Show the Full Script

Set UNSILOED_API_KEY in your environment and save the document you want to classify as document.pdf in the same directory before running.

Python
JavaScript
cURL

classify_document.py

import json
import os
import time
import requests

API_KEY = os.environ["UNSILOED_API_KEY"]
BASE_URL = "https://prod.visionapi.unsiloed.ai"

categories = [
    {"name": "Sales Report"},
    {"name": "Invoice"},
    {"name": "Medical Record"},
]

with open("document.pdf", "rb") as f:
    response = requests.post(
        f"{BASE_URL}/classify",
        headers={"api-key": API_KEY},
        files={"pdf_file": ("document.pdf", f, "application/pdf")},
        data={"categories": json.dumps(categories)},
    )
response.raise_for_status()

job_id = response.json()["job_id"]
print(f"Job submitted: {job_id}")

max_attempts = 60  # roughly 5 minutes at 5 seconds per poll
attempts = 0
while True:
    result = requests.get(
        f"{BASE_URL}/classify/{job_id}",
        headers={"api-key": API_KEY},
    ).json()
    print(f"Status: {result['status']}")
    if result["status"] == "completed":
        break
    if result["status"] == "failed":
        raise RuntimeError(result.get("error", "classify job failed"))
    attempts += 1
    if attempts >= max_attempts:
        raise TimeoutError("Classify job did not finish within 5 minutes")
    time.sleep(5)

with open("classification.json", "w") as f:
    json.dump(result, f, indent=2)

classification = result["result"]
print(f"Classification: {classification['classification']} ({classification['confidence']:.2%} confidence)")

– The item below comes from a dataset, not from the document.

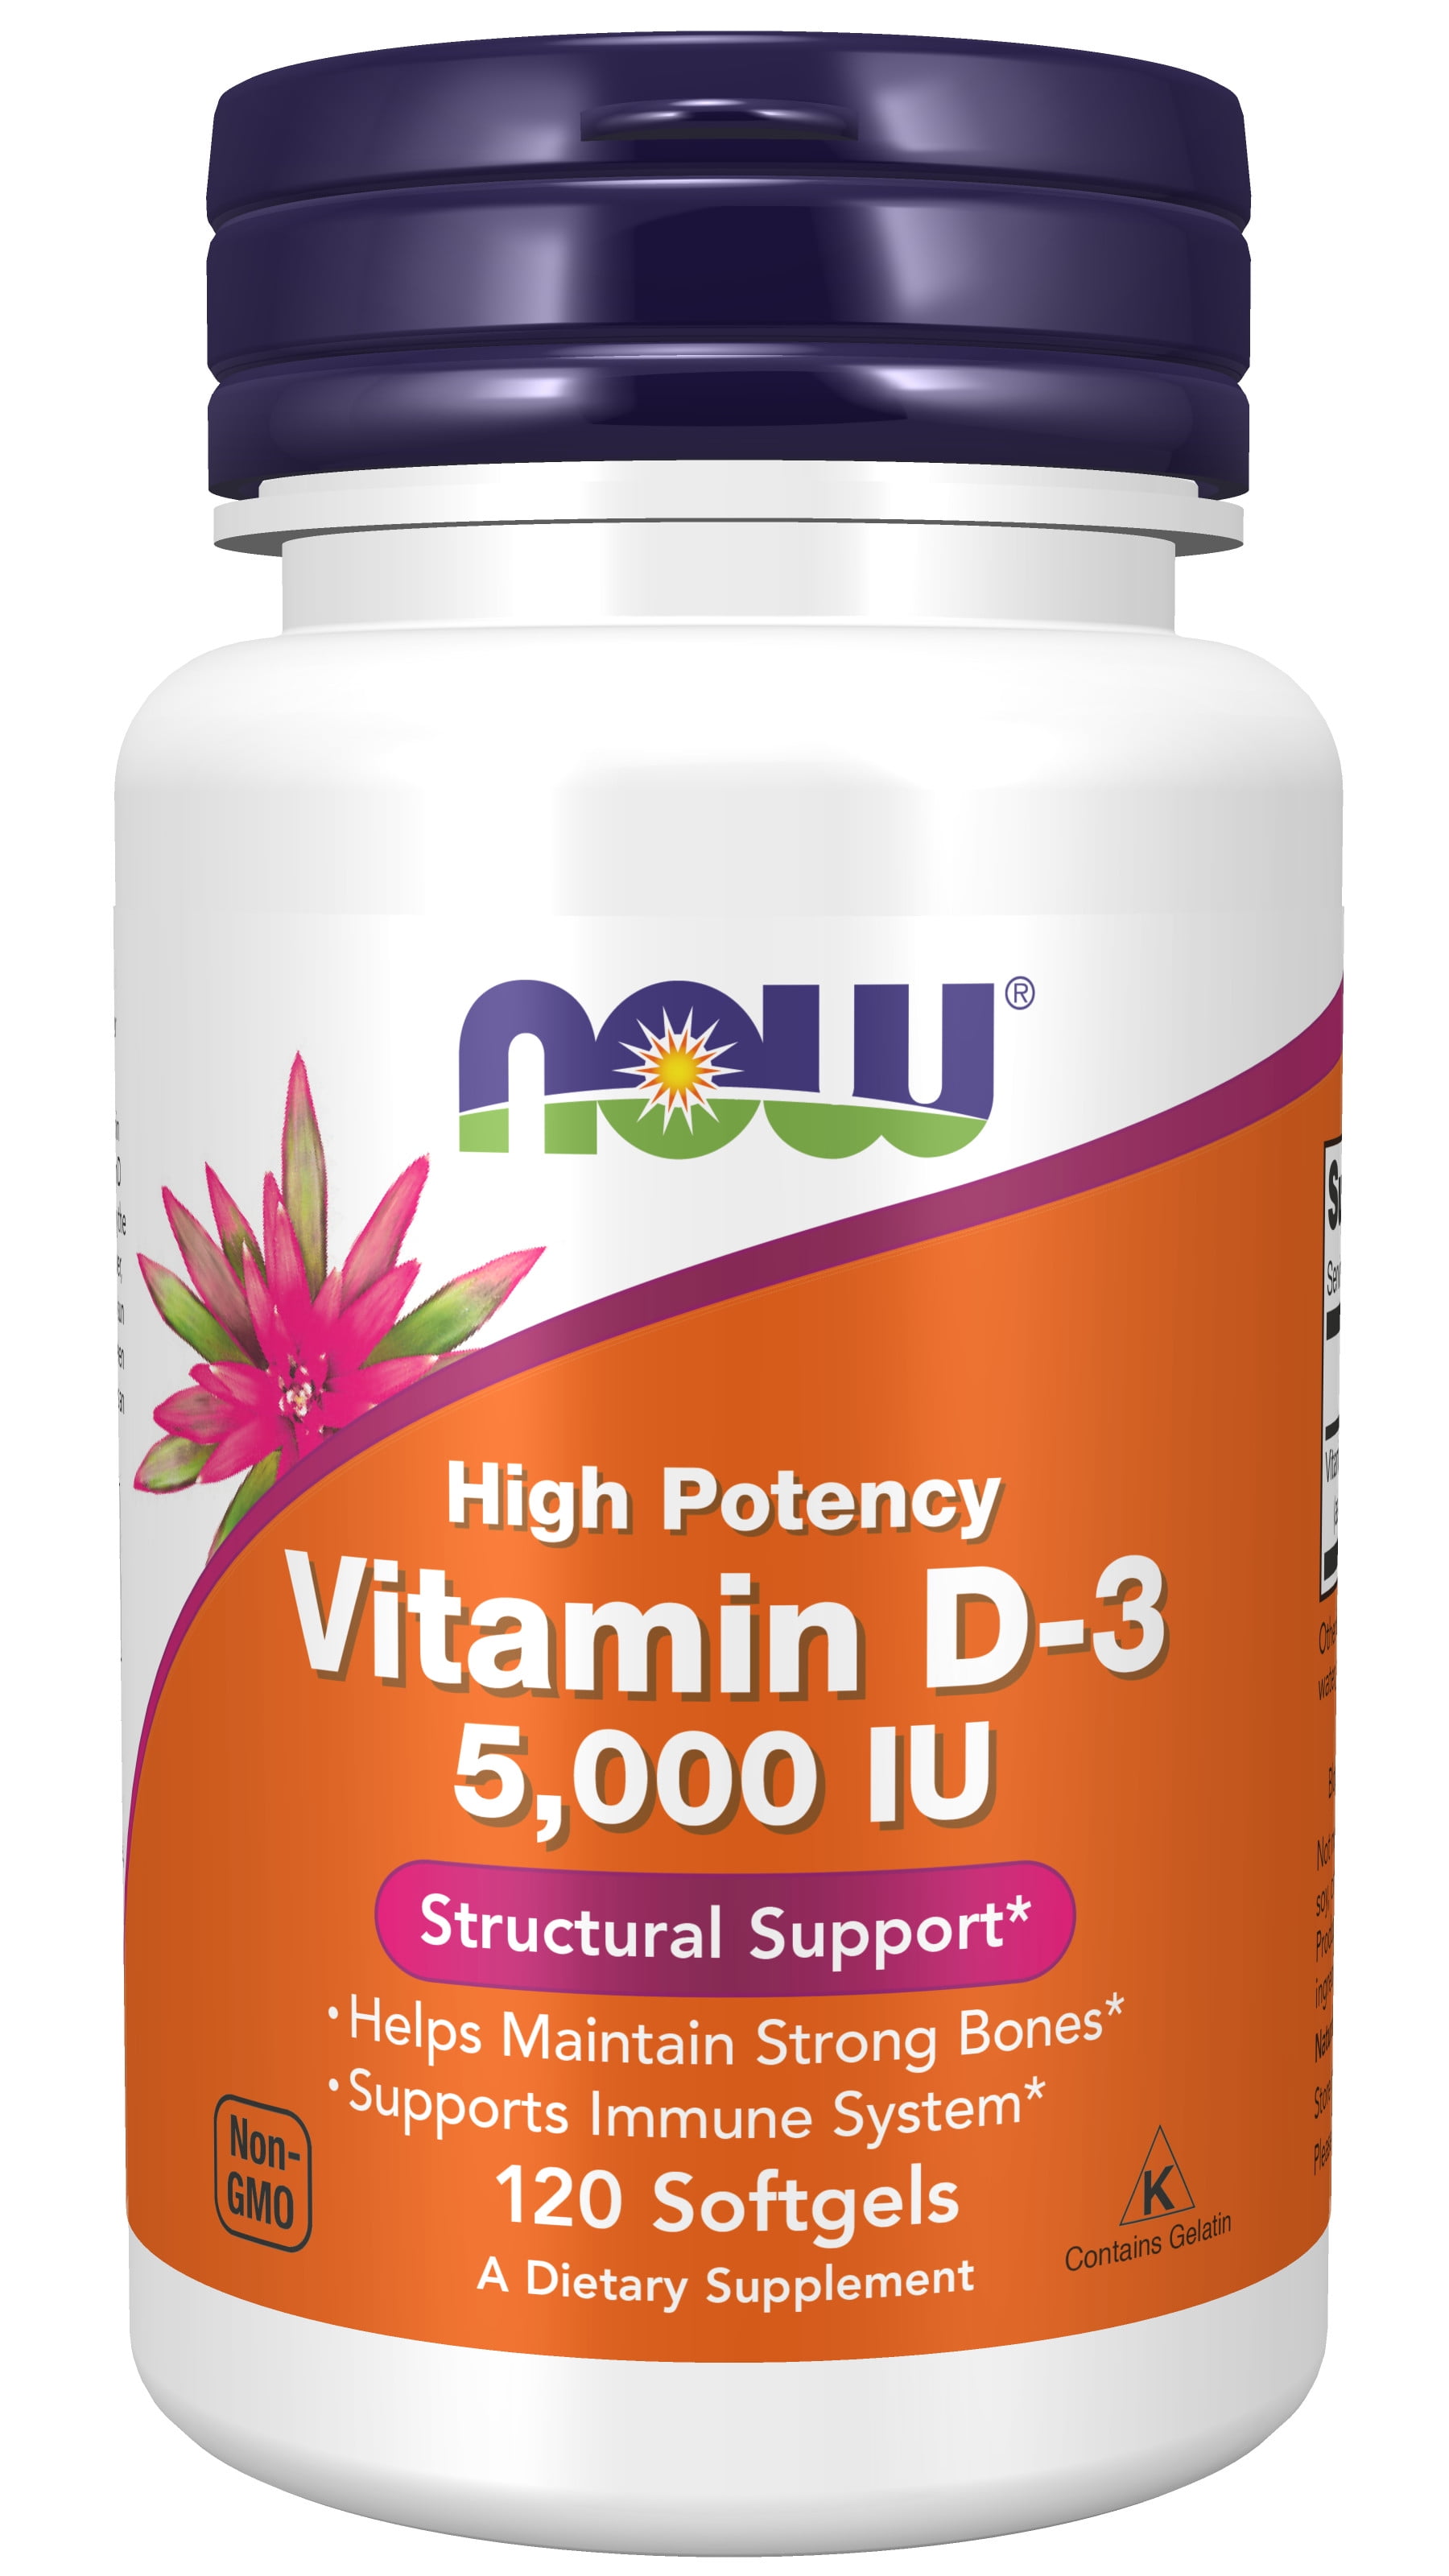 Natural Vitamin D-3 D3 HIGH POTENCY PURE VITAMIN D3 ! 5000iu x360caps 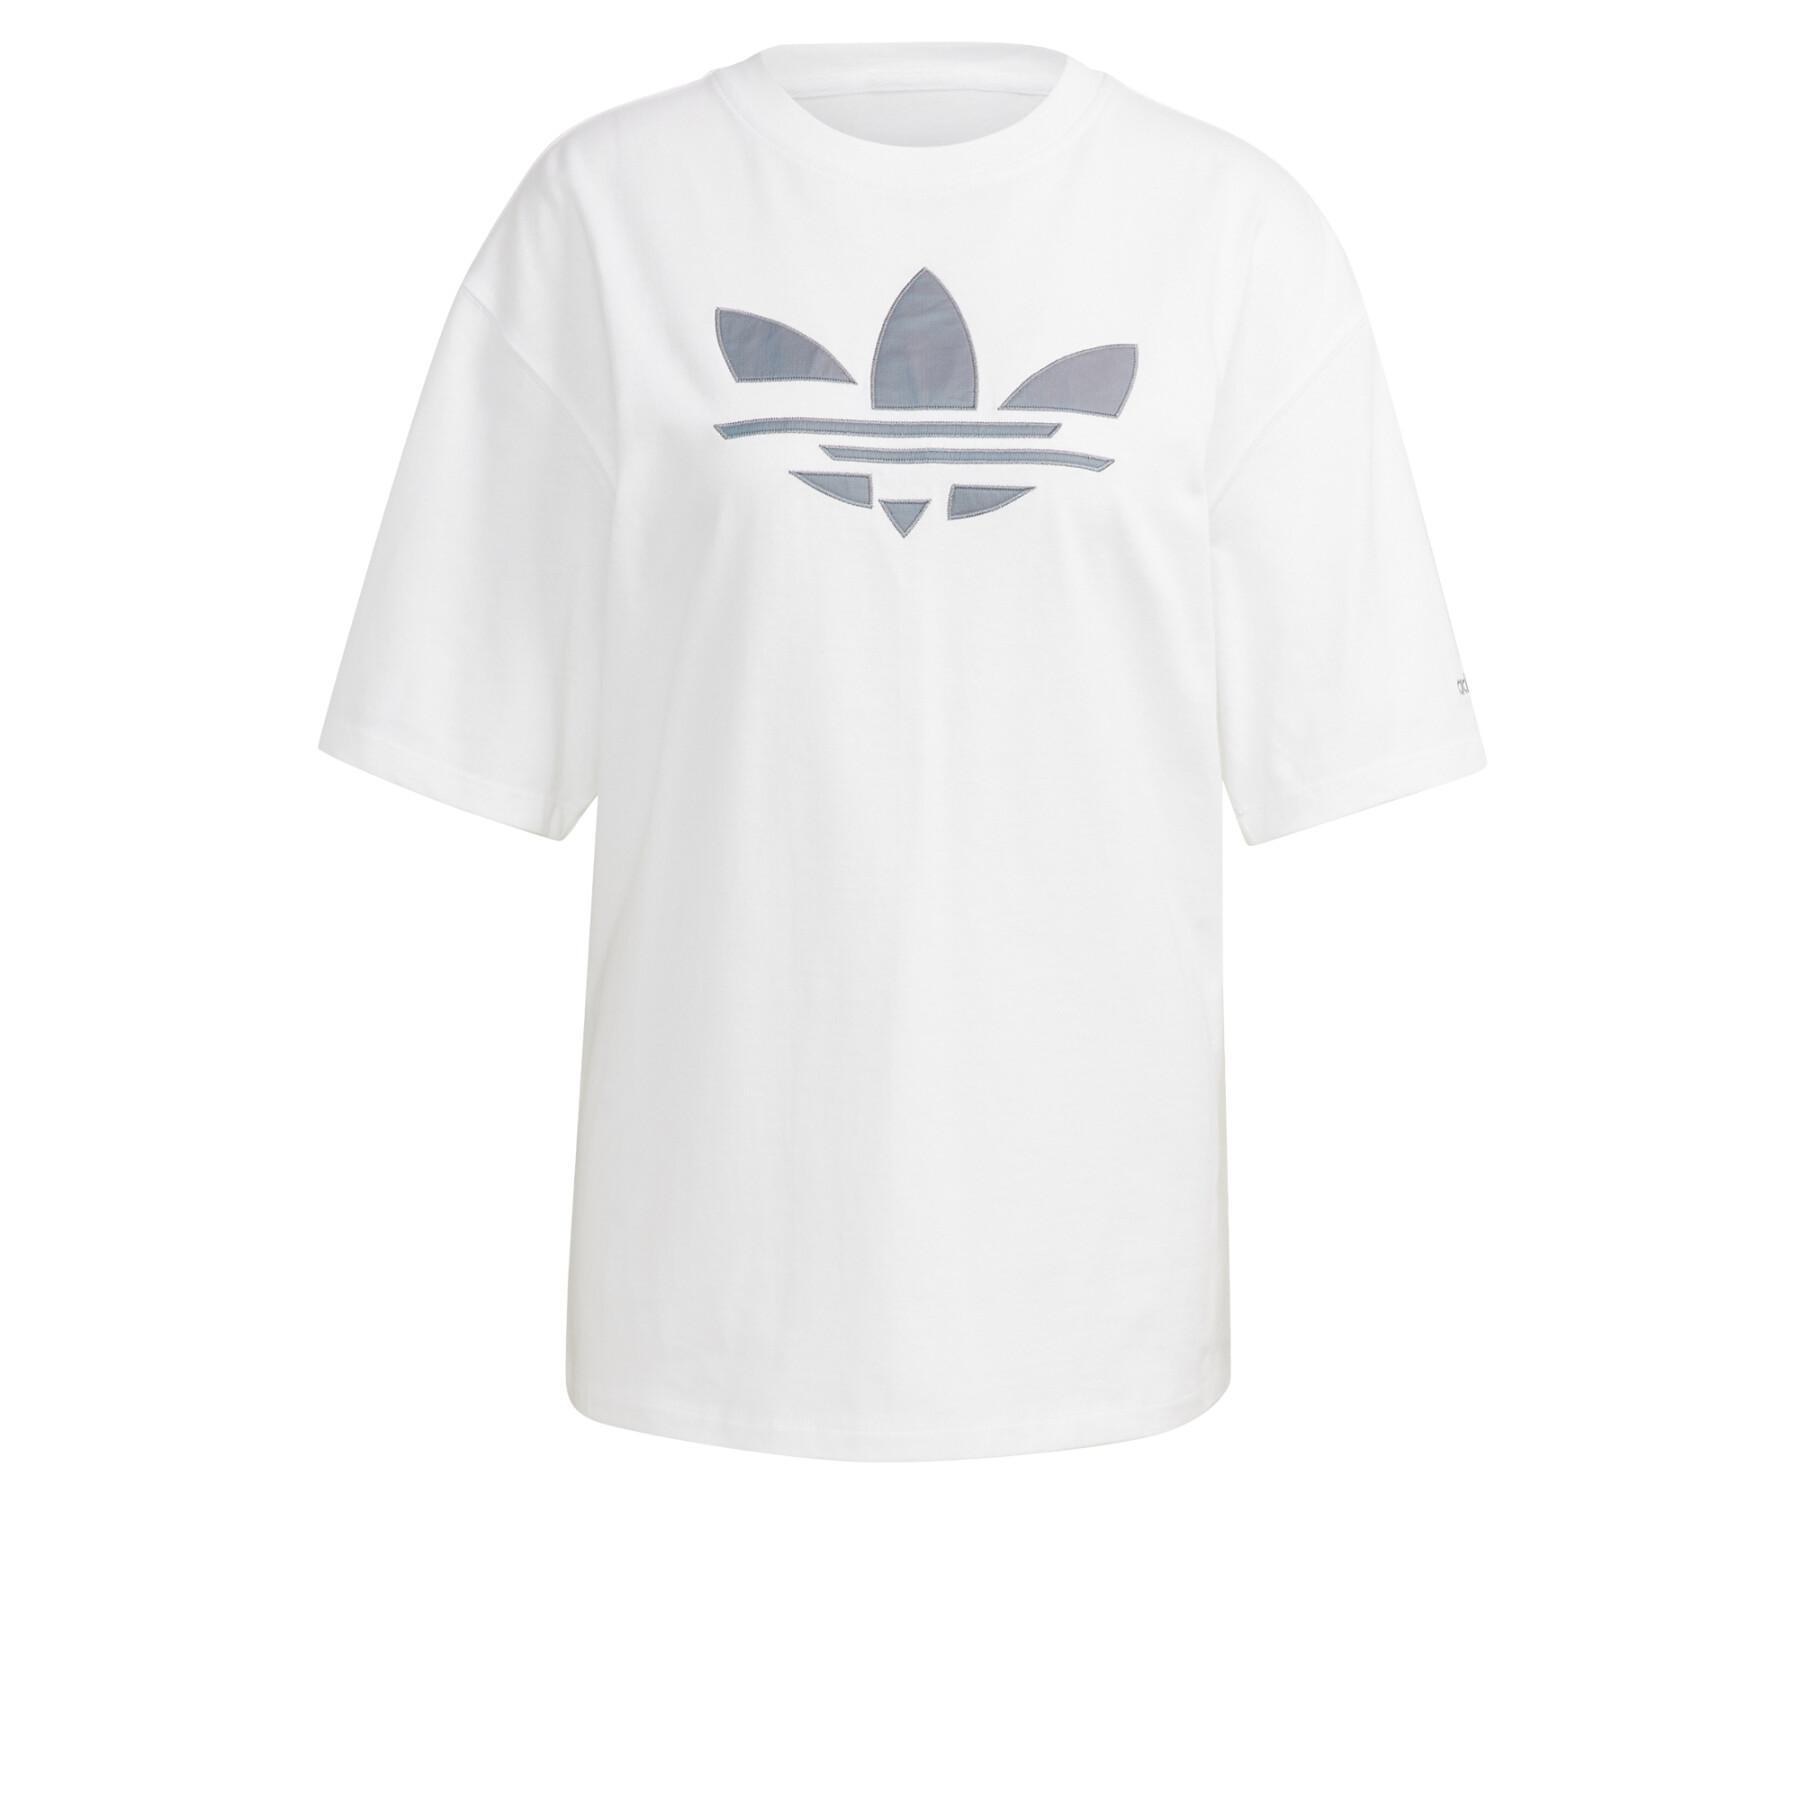 Camiseta adidas Originals Adicolor Iridescent Trefoil

Save this as script.mjs or set "type": "module" in your package.json. Requires Node.js 18 or newer for the global fetch, FormData, and Blob.

script.mjs

import fs from "node:fs";

const API_KEY = process.env.UNSILOED_API_KEY;
const BASE_URL = "https://prod.visionapi.unsiloed.ai";

const categories = [
  { name: "Sales Report", description: "Sales performance summaries with regional or quarterly data" },
  { name: "Invoice", description: "Bill of sale with line items" },
  { name: "Medical Record", description: "Patient health records" },
];

const form = new FormData();
form.append("pdf_file", new Blob([fs.readFileSync("document.pdf")]), "document.pdf");
form.append("categories", JSON.stringify(categories));

const response = await fetch(`${BASE_URL}/classify`, {
  method: "POST",
  headers: { "api-key": API_KEY },
  body: form,
});
if (!response.ok) throw new Error(`${response.status}: ${await response.text()}`);

const { job_id } = await response.json();
console.log(`Job submitted: ${job_id}`);

const maxAttempts = 60; // roughly 5 minutes at 5 seconds per poll
let attempts = 0;
let result;
while (true) {
  const res = await fetch(`${BASE_URL}/classify/${job_id}`, {
    headers: { "api-key": API_KEY },
  });
  result = await res.json();
  console.log(`Status: ${result.status}`);
  if (result.status === "completed") break;
  if (result.status === "failed") throw new Error(result.error || "classify job failed");
  if (++attempts >= maxAttempts) throw new Error("Classify job did not finish within 5 minutes");
  await new Promise((r) => setTimeout(r, 5000));
}

fs.writeFileSync("classification.json", JSON.stringify(result, null, 2));
const { classification, confidence } = result.result;
console.log(`Classification: ${classification} (${(confidence * 100).toFixed(2)}% confidence)`);

# Submit the document and capture the job_id from the response:
resp=$(curl -sX POST "https://prod.visionapi.unsiloed.ai/classify" \
  -H "api-key: $UNSILOED_API_KEY" \
  -F "pdf_file=@document.pdf" \
  -F 'categories=[{"name":"Sales Report"},{"name":"Invoice"},{"name":"Medical Record"}]')
JOB_ID=$(echo "$resp" | grep -o '"job_id":"[^"]*"' | cut -d'"' -f4)
echo "Job submitted: $JOB_ID"

# Poll until the job finishes, with a 5-minute timeout:
attempts=0
max_attempts=60
while true; do
  resp=$(curl -sX GET "https://prod.visionapi.unsiloed.ai/classify/$JOB_ID" \
    -H "api-key: $UNSILOED_API_KEY")
  status=$(echo "$resp" | grep -o '"status":"[^"]*"' | head -1 | cut -d'"' -f4)
  echo "Status: $status"
  [ "$status" = "completed" ] && break
  [ "$status" = "failed" ] && { echo "Job failed"; exit 1; }
  attempts=$((attempts + 1))
  [ "$attempts" -ge "$max_attempts" ] && { echo "Classify job did not finish within 5 minutes"; exit 1; }
  sleep 5
done

# Save the full response to disk:
echo "$resp" > classification.json

Step 1: Set Up Your Environment

Before writing any code, gather three things: an API key, a document, and the runtime for the chosen language.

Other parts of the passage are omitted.